I made my first trip to Australia with Heather to meet her parents in 1980. She has a sister, Sandra, who had disappeared from the family. This was a source of sadness for Heather. There had been a rift: Sandra had been going to get married, but, at the last minute, she called it off because she’d fallen in love with somebody else. Heather remembered Sandra throwing the wedding cake out of the car window; it rolled down the road in front of them like an iced spare tyre. There was a huge row, Sandra didn’t want to be in touch with her family, and so she left the continent and went to live in California. I was curious to see where Heather came from, who her people were.

My first greeting on landing in Australia was when the immigration clerk said to me, painfully slowly, ‘Can… you… read?’ I looked at her, and thought, ‘What the fuck is this all about?’ I said, ‘Y-e-s,’ quite slowly. She had in her hand some documents and, pointing to one of them, she said again, ‘Can you read?’ ‘Yes,’ I replied, again slowly. ‘Can you read this?’ I looked at the document and said, ‘Yes!’ Then I got a bit irritated and said, ‘Look here, is there a problem? I’ve actually got a degree in English from Cambridge University!’ The woman took a step back and said, ‘Ahh, sorry, miss. You haven’t signed your form. I thought you was an ethnic.’ That was my welcome to Australia. And of course, she was right, I AM an ‘ethnic’.

We went to stay with Heather’s parents, in the entirely invented city of Canberra. It had been designed for civil servants to bring up their children in safety and comfort, by an American architect, Walter Burley Griffin. Heather’s father, Traill, was the retired professor of mathematics at the military college of Duntroon (Australia’s Sandhurst), a pleasant, cultivated man; her mother, Beatrice, always called Bea, was known as a ‘party girl’. I didn’t know then that she was an alcoholic. I saw no signs of it, but her habit had caused havoc in the family. They had no idea about our relationship. I had told my parents that I was a lesbian, but Heather’s parents didn’t have a clue — and this visit was definitely not a ‘coming out’ occasion. Heather had impressed on me that that was not to happen. Indeed, when her mother did find out, some years later, she was furious; she felt I’d seduced her daughter and taken her away. Consequently, relations between her and me were icy for a very long time. To Heather’s mother and father, therefore, on this first visit to Australia, I was just Heather’s ‘friend’. I had my own room, and they were terribly nice to me.

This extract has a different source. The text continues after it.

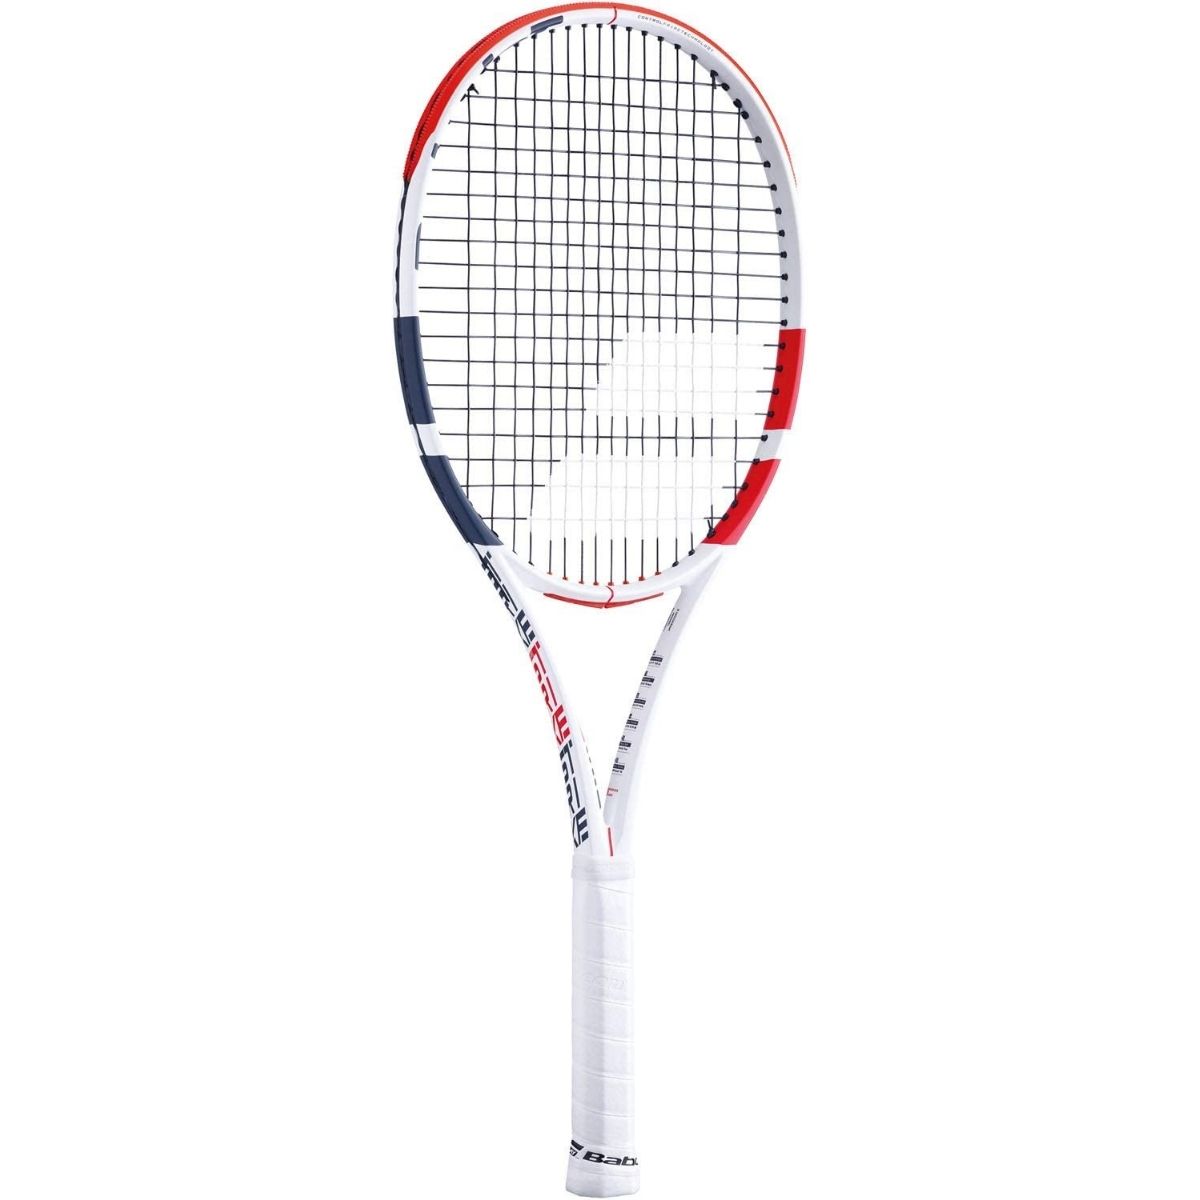 The Best Rackets for One Handed Backhand Options: Babolat Pure Strike 

I loved Australia. I felt at home immediately — I didn’t have to think about it at all. The first thing that strikes you is the quality of the light: more blinding than you can imagine. It simply astonishes you. It’s so bright that most people’s eyes are crinkly from continually squinting against the glare of the sun. And then there’s the mind-boggling vastness of the sky, bigger than any sky I’d ever seen.

After our stay in Canberra, we spent some time in Sydney with friends of Heather’s. Sydney was glorious then; it hadn’t become too crowded, dirty and busy like it is now. Recently, I was trying to cross the Harbour Bridge from the Eastern Suburbs to the North Shore. The psychological divide is similar to that in London between north and south. There are pockets of Jews right across Sydney, and I’ve got relatives on both sides of the bridge. My cousin, Ann Sarzin, a renowned cook, had invited me for supper on the North Shore; I was desperate to eat her famous fried fish but I couldn’t get across the bridge. I waited in the traffic jam for two and half hours, and then I went home in despair. After that, I fell out of love with Sydney.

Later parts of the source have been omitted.